All that aside, Reiden steps into the top job with the unenviable task of following up a Stanley Cup victory. The good news is that he’ll again have many of the same pieces with which to work, including a few new toys at his disposal.

His top-six should remain largely the same next season, with the likes of Alex Ovechkin, Nicklas Backstrom and Evgeny Kuznetsov as the featured players, but the emergence of youngsters such as Jakub Vrana and Chandler Stephenson will give Reirden some additional options up front, particularly as they grow into their roles. Likewise, a bounce back season from Andre Burakovsky, who shone at times even if the numbers weren’t there, could pay big dividends up front for Reirden in his first campaign as coach.

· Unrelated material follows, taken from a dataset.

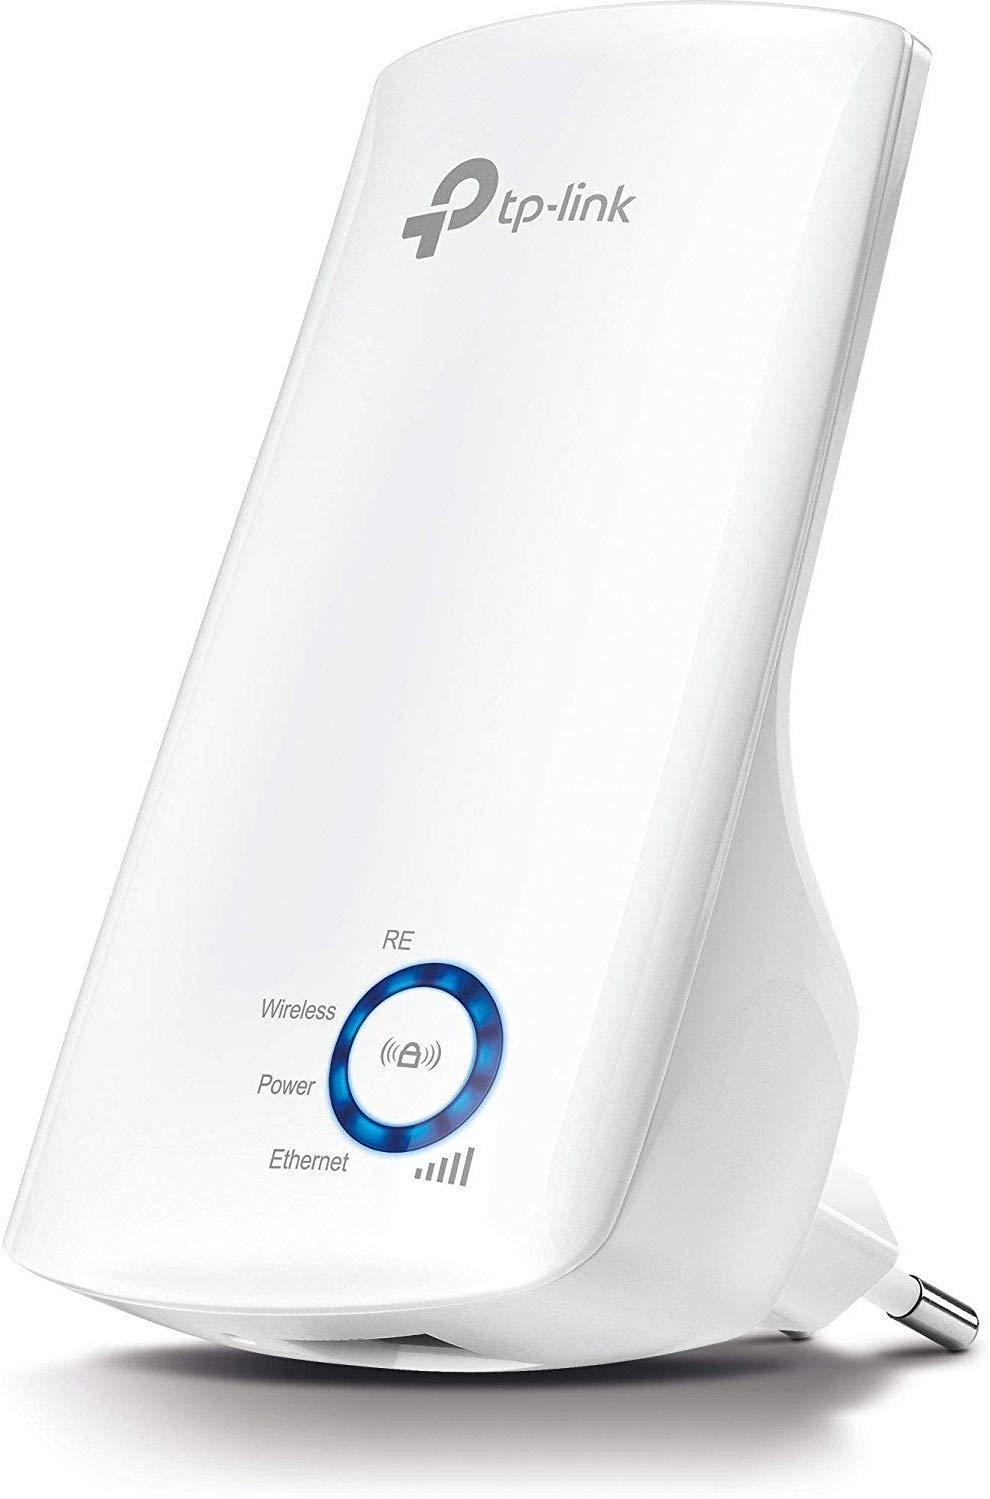 TP-Link TL-WA850RE - Repetidor de red Wifi extensor amplificador de cobertura(Puerto Ethernet,10/100 mbps, con enchufe, 300 Mbps, 2.4 GHz), Blanco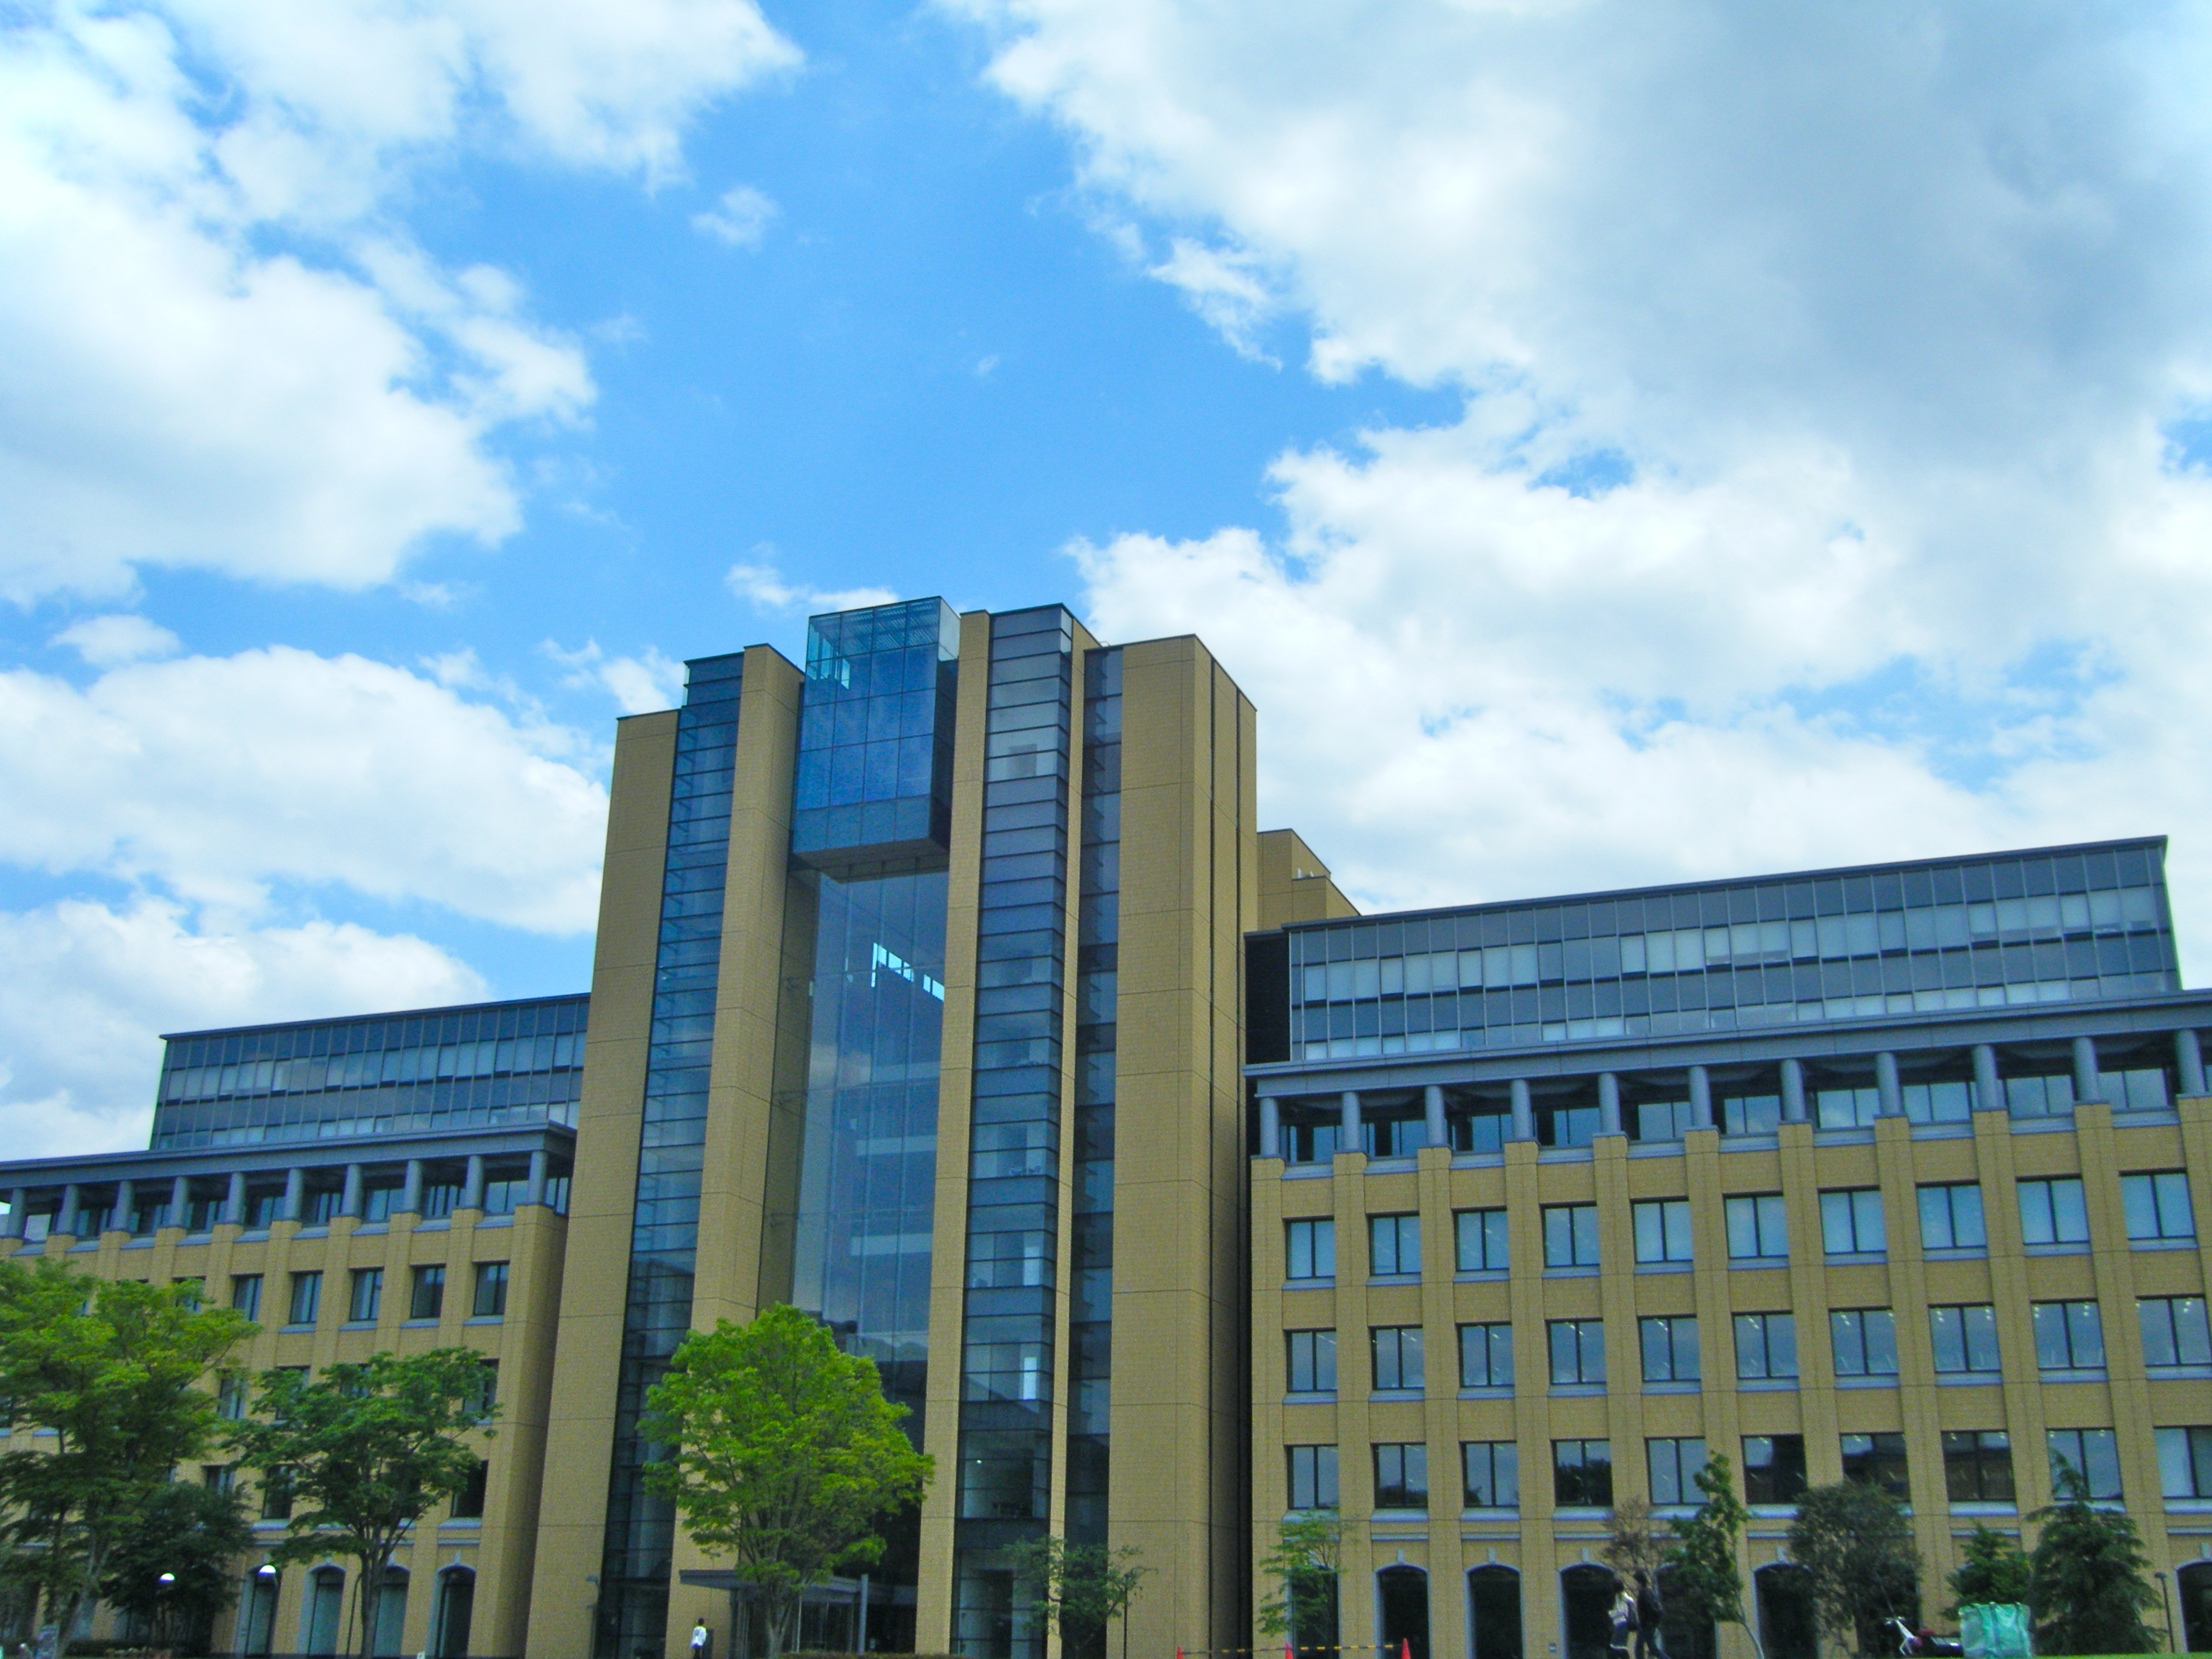 関東学院大学 page 5 2015年以前の画像検索 imageseek

On the blueline, too, chances are Reirden already knows exactly what he has and exactly how things will look for the Capitals. The pairings of Carlson and Kempny and Niskanen and Orlov are far from set in stone, but they give Reirden a strong top-four with which to work. Add in Christian Djoos and Madison Bowey and Reirden has himself a nice stable to coach up, with potential for one of his youngsters to earn a bigger role as the campaign carries on. And that his defenders will be shielding Braden Holtby, a Vezina Trophy winner and two-time finalist who is fresh off of a sound post-season performance, means small slips and stumbles under Reirden’s guidance early on shouldn’t be much concern. (That is unless Holtby reverts back to his regular season form, though it wouldn’t be too safe to count on that.)

None of this is to mention what the Capitals could do moving forward, be it adding up front or solidifying the blueline with a veteran presence. Because while the off-season has already been busy, from parades to draft day to taking care of their own free agent considerations, signing season is about to begin. With a minor signing here and a small tweak there, though, Reirden is going to step behind the bench of a Washington team that, while they won’t be considered the top-tier contenders, should have all the pieces in place to at least threaten as repeat champions.